Первая пуля попала Чангу в задний проход и пронизала насквозь мягкие ткани, пробив кишечник, желудок, пищевод, уже на излете вышибла слабые зубы и упала с разорванной губы. То не был мгновенно убивающий выстрел, и Чанг, будто нанизанный на раскаленный шампур, испытал вместе с невыносимой болью изумление, обиду и унижение. Он не знал такого обращения даже в последнее плохое время, за что, за что с ним так?.. Чувствуя, что весь наполняется горячей жидкостью, Чанг обернулся к обидчику, и вторая пуля вошла ему в ухо, разрушив мозг. И тут вернулась пустыня, и чье-то гибкое тело цвета песка метнулось к нему — не опасностью, а спасением. «Мама!» — успел сказать Чанг.
Пирующие услышали выстрелы, но не встревожились, принадлежа инерции праздника. Потом смутное беспокойство толкнуло Урчонка к окну. Он посмотрел вниз, вдаль, налево, словно подчиняясь тайному запрету не смотреть туда, где на асфальтовой дорожке лежал труп Чанга. Но прежде чем отойти от окна, все-таки посмотрел направо.

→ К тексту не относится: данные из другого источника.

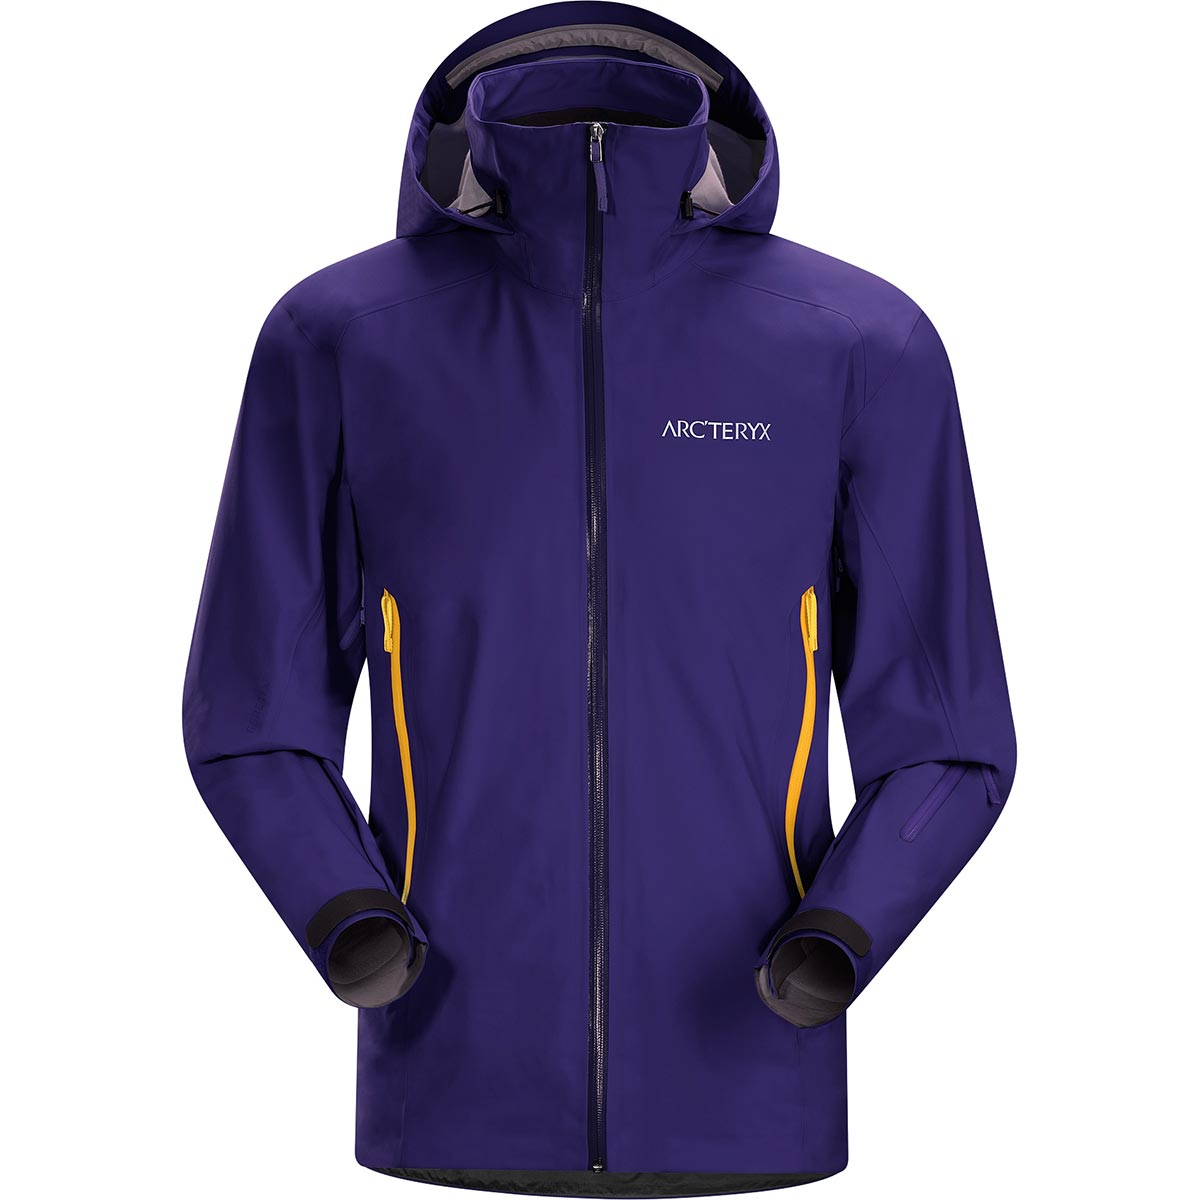 Arc Teryx Stingray Jacket Men S Discontinued Colors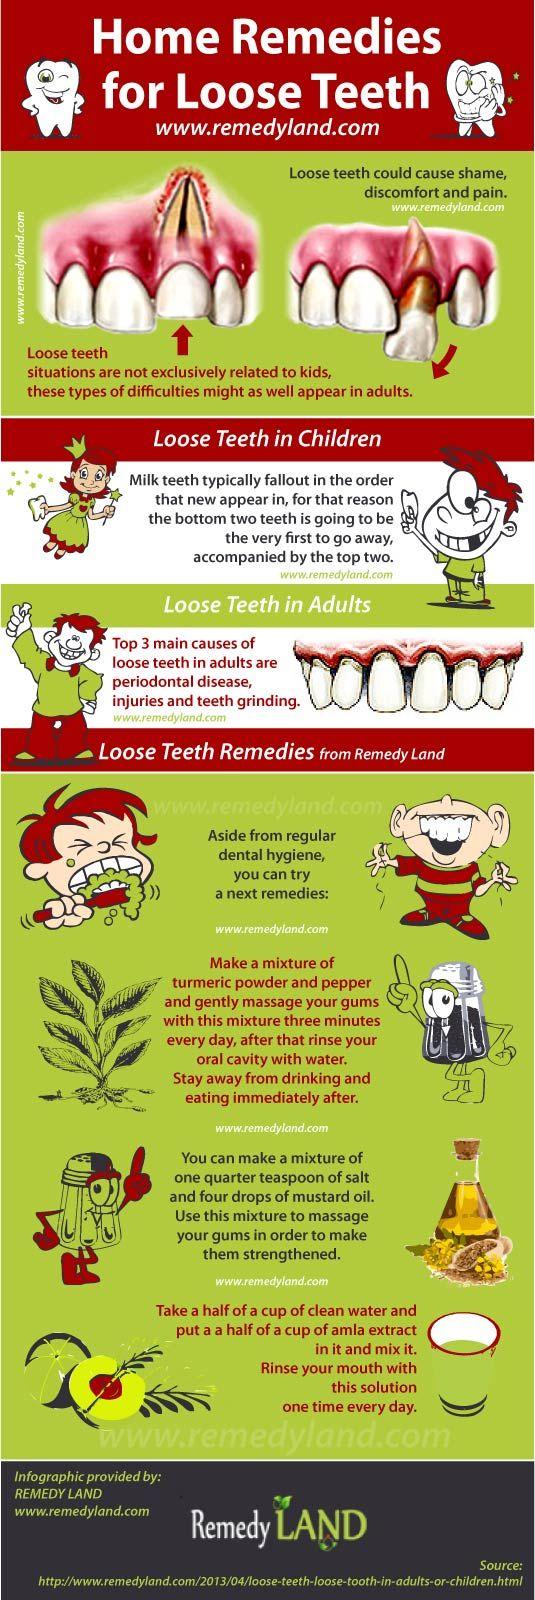 Loose teeth remedies #looseteeth #remedies http://www.remedyland.com/2013/04/loose-teeth-loose-tooth-in-adults-or-children.html

Они прибежали к убитому льву, не веря в окончательность несчастья, которое невозможно было вместить в душу, еще наполненную радостью и торжеством. Натура человека пластична, но не до такой степени. Налитые коньяком и сухим вином, набитые шашлыками, курятиной в ореховом соусе, луком и фасолью, осоловелые, все еще во власти надежд и проснувшейся жажде греха, в готовности к неизведанным наслаждениям, они не могли поверить, что вифлеемская звезда погасла, едва загоревшись, и не будет чуда, искупления и новой веры, и они отброшены назад, во тьму и рабство духа. На асфальте была кровь и желтые брызги мозга, но безусловные, грубые приметы смерти не убеждали в ее окончательности. Лишь Урчонок зашелся в страшном заикающемся плаче-крике.
А Рип, тряся грязными кудрями, облаял Чанга, последними словами обложил, что тот вздумал так отвратительно притворяться, даже хотел укусить за лапу. И тут правда вошла запахом смерти в его кожаный нос. Он заскулил, упал на брюшко, пополз к Чангу, задние ножки его волочились, как перебитые, добрался до морды, лизнул, дернулся и умер.
Это была первая, но не последняя смерть, вызванная кончиной Чанга.
Непосредственный виновник происшедшего дурак-студент уголовной ответственности не подлежал. Но, боясь, как бы ему не начали клеить дело — лев небось громаднейших денег стоит, — он предпочел смыться. Конечно, его быстро отыскали и впаяли пятнадцать суток за хулиганство, предварительно набив морду в отделении. А меткий стрелок не думал бежать, поскольку действовал по уставу и рассчитывал если не на материальную, то на моральную награду. К тому же надо было составить акт. Из этого ничего не вышло. Обезумевшие люди сорвали с него фуражку, оплевали новенький, с иголочки, мундир, а мальчишка укусил за ногу, порвав клычком хромовую кожу сапога.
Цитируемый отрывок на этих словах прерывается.